I’m unsure whether or not it’s possible at all to express a “more algorithmic” solution to the problem in a transformer of OthelloGPT’s approximate size/shape (much less a smaller transformer). I asked myself “what kinds of systematic/algorithmic calculations could I ‘program into’ OthelloGPT if I were writing the weights myself?”, and I wasn’t able to come up with much, though I didn’t think very hard about it.
Curious if you have thoughts on this?
Roughly, this is hard because, for any given internal representation that a transformer computes, it can’t access that representation at earlier positions when computing the same representation at later ones (cf). For example, if there’s some layer L at which the board state is basically “finalized,” OthelloGPT can’t use these finalized representations of past states to compute the current state. (By the time it is able to look back at past finalized states, it’s too late, the current state is already finalized.)
So, when we use info about the past to compute the current board state, this info can’t just be the board state, it has to be “only partway computed” in some sense. This rules out some things that feel intuitive and “algorithmic,” like having a modular component that is fully (and only) responsible for deciding which pieces get flipped by a given move. (In order to know which pieces get flipped now, you need to know which pieces are mine/yours, and that depends on which ones got flipped in the past.

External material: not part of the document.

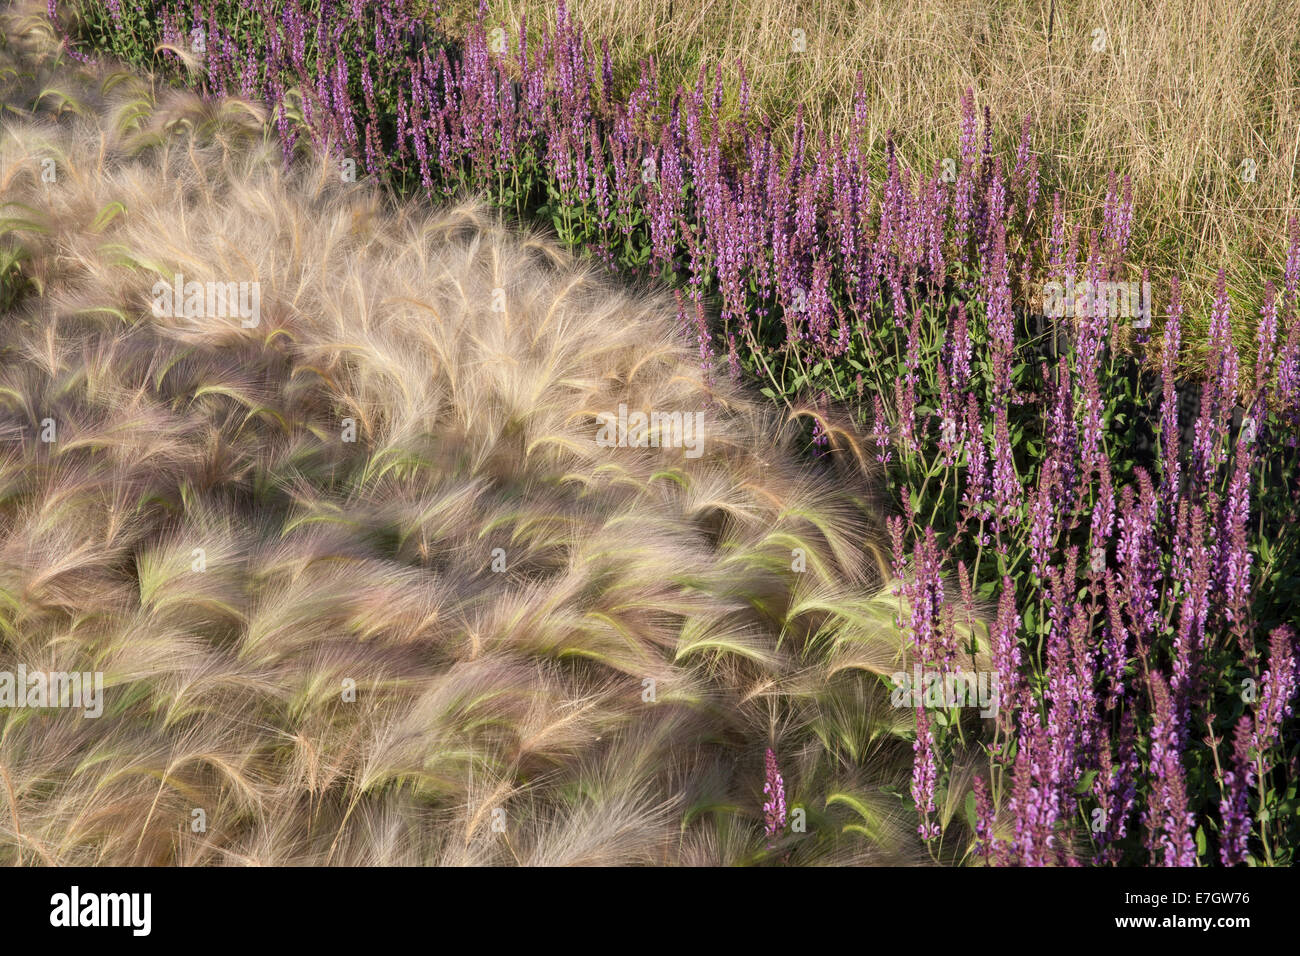 Jardin - voir le vent - bordures de bordure d'herbe ornementale - plantation d'herbe d'orge ornement Hordeum jubatum Salvia nemorosa 'Amethyst' - Royaume-Uni Banque D'Images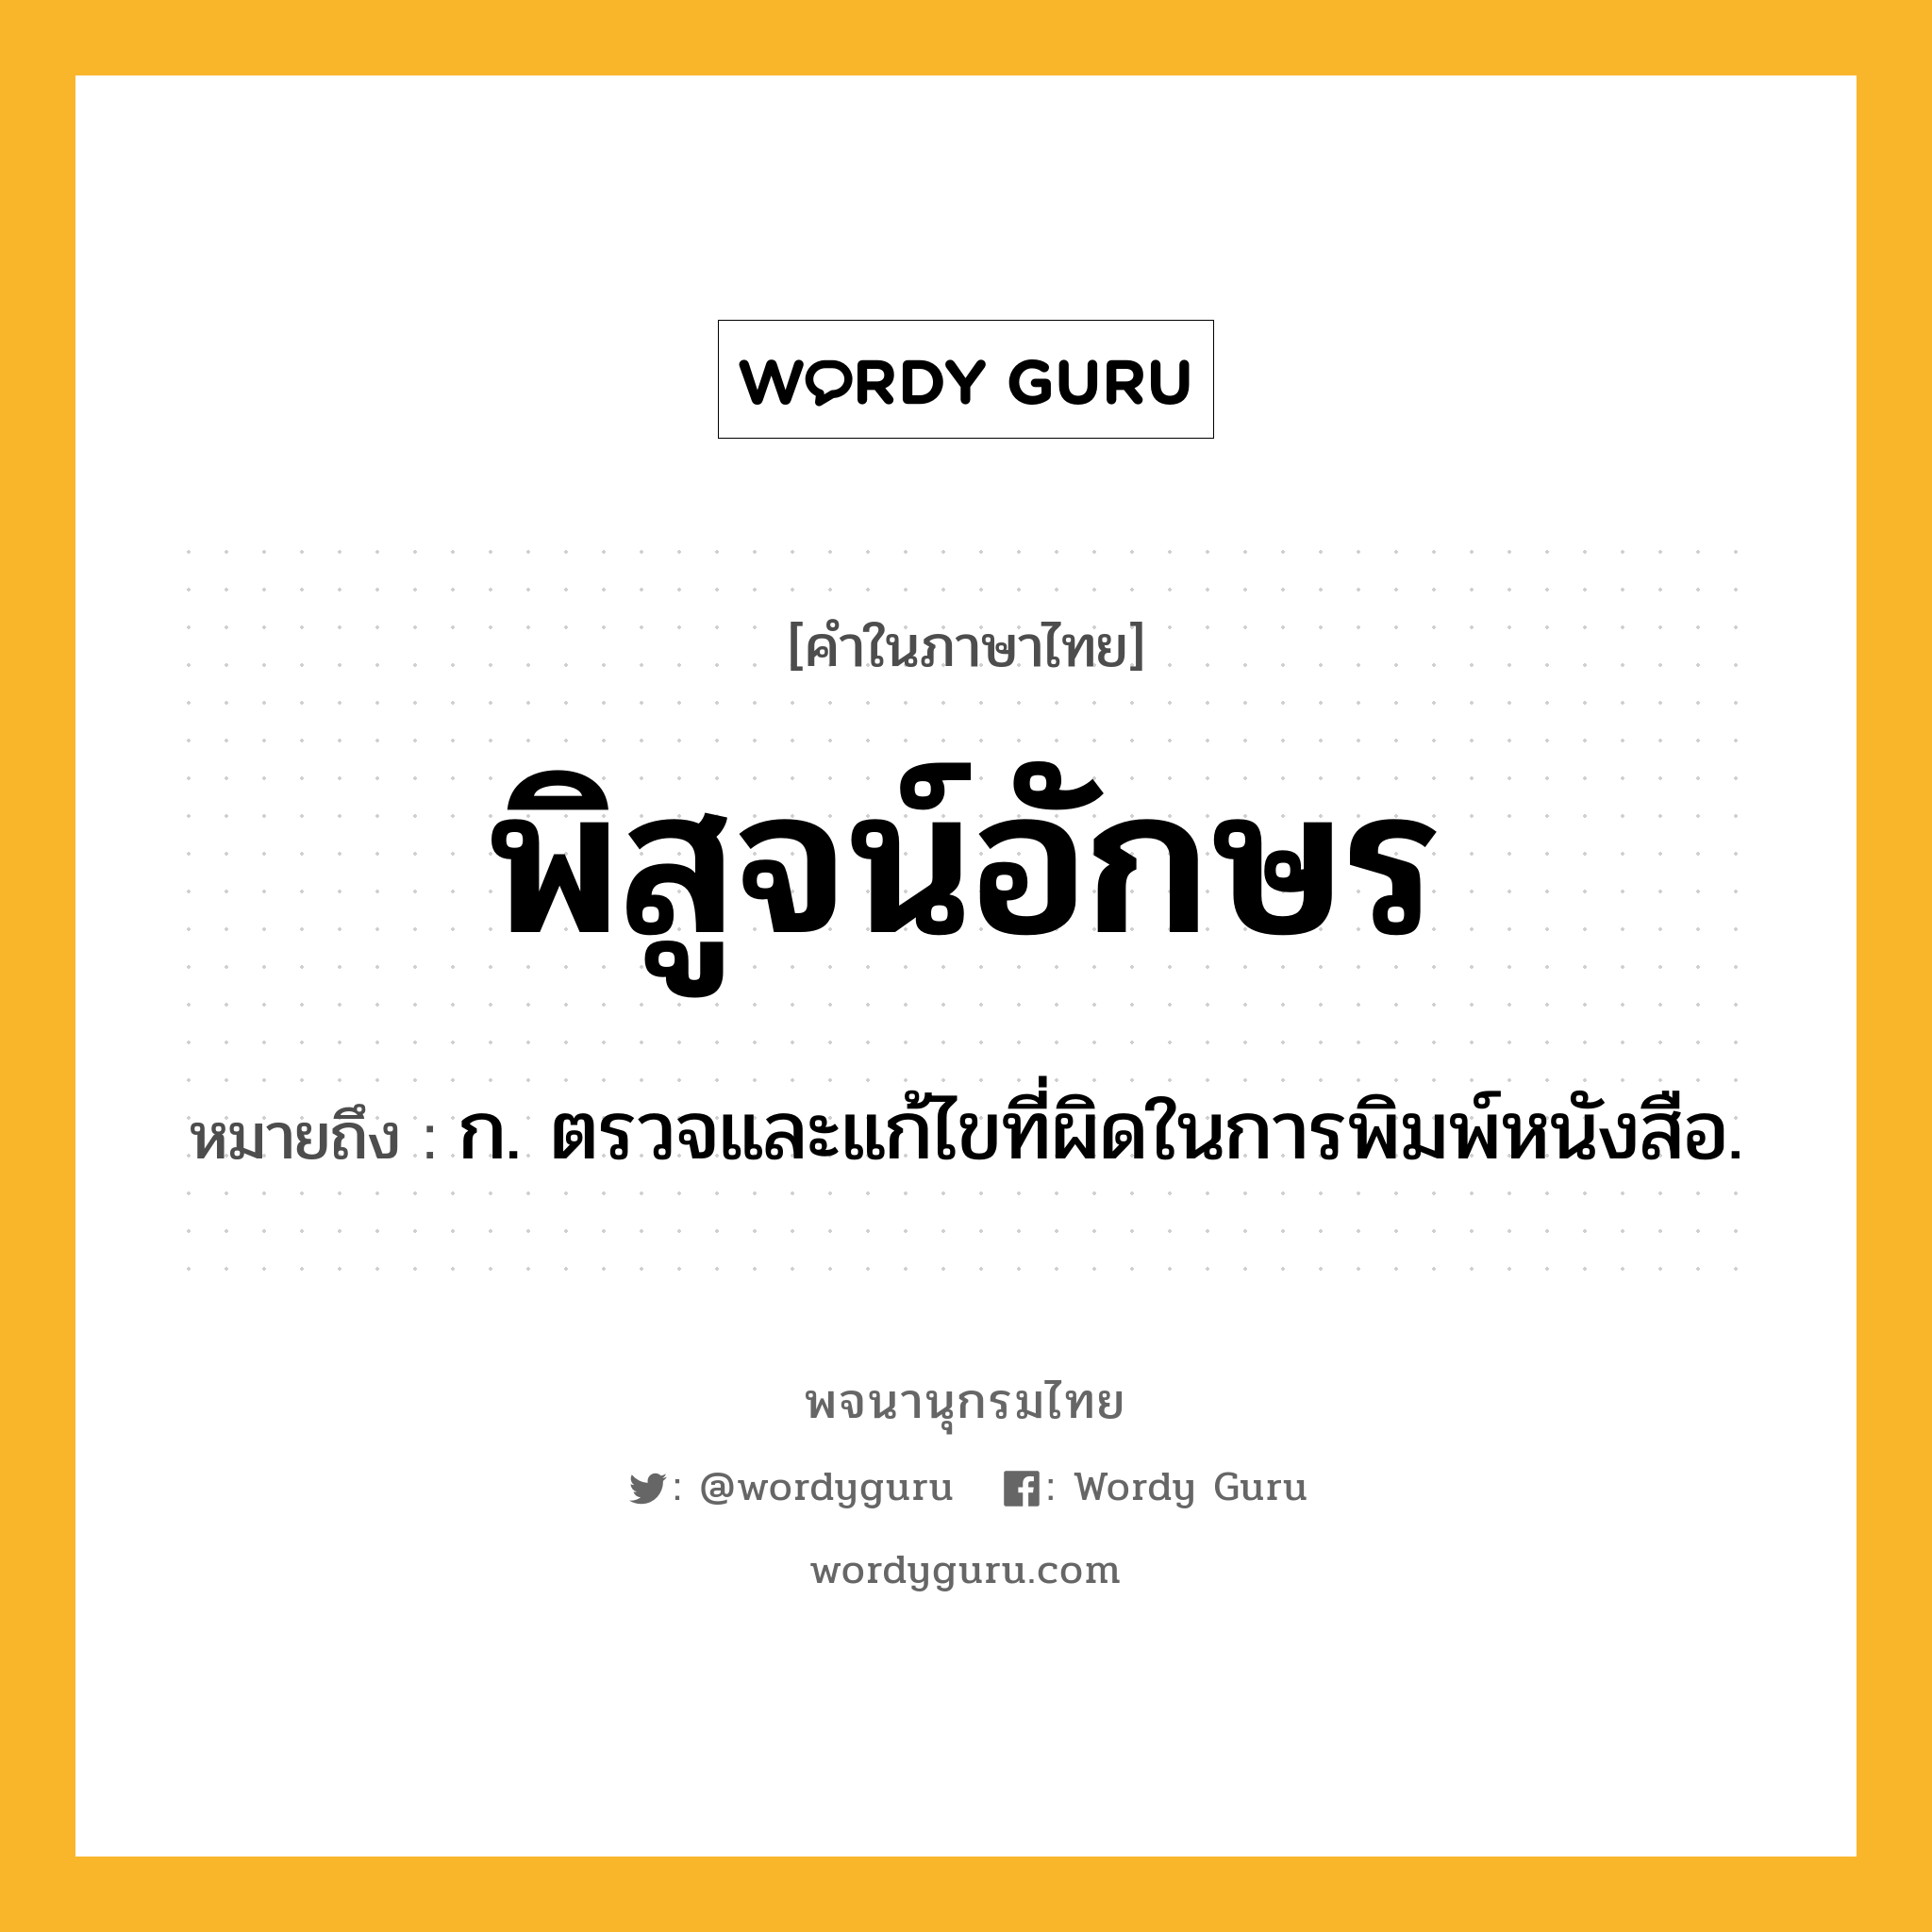 พิสูจน์อักษร ความหมาย หมายถึงอะไร?, คำในภาษาไทย พิสูจน์อักษร หมายถึง ก. ตรวจและแก้ไขที่ผิดในการพิมพ์หนังสือ.

So a “flip calculator” would need to use its own past outputs as current inputs, and transformers can’t be recurrent like this.)
It looks like for OthelloGPT, the relevant sense of “only partway computed” is “probably true based on heuristics, but not necessarily true.” I guess one can imagine other ways of organizing this computation inside a transformer, like computing the state of the upper half of the board first, then the lower half (or upper left corner first, or whatever). That seems like a bad idea, since it will leave capacity unused when the game is confined only to a proper subset of these regions. Maybe there are other alternatives I haven’t thought of? In any case, it’s not obvious to me that there’s a feasible “more algorithmic” approach here.
I am also unsure how feasible it is to solve the problem using rules that generalize across positions. More precisely, I’m not sure if such an approach would really be simpler than what OthelloGPT does.
In either case, it has to (in some sense) iterate over all positions and check separately whether each one is legal. In practice it does this with distinct neurons/circuits that are mapped to distinct absolute positions—but if it instead used a computation like “check for a certain pattern in relative position space,” it would still need to repeat this same check many times over within the same forward pass, to handle all the copies of that pattern that might appear at various places on the board. And it’s not obvious that repeating (some number of distinct rules) x (some other number of potential applications per rule) is cheaper than just repeating the full conditions that license a move once for each absolute position on the board.
I think it’s pretty plausible that this is true, and that OthelloGPT is already doing something that’s somewhat close to optimal within the constraints of its architecture. I have also spent time thinking about the optimal algorithm for next move prediction within the constraints of the OthelloGPT architecture, and “a bag of heuristics that promote / suppress information with attention to aggregate information across moves” seems like a very reasonable approach.
Seems like the natural next step would be to try to investigate grokking, as this appears analogous: you have a model which has memorized or learned a grabbag of heuristics & regularities, but as far as you can tell, the algorithmic core is eluding the model despite what seems like ample parameterization & data, perhaps because it is a wide shallow model. So one could try to train a skinny net, and maybe aggressively subsample the training data down into a maximally diverse subset. If it groks, then one should be able to read off much more interpretable algorithmic sub-models.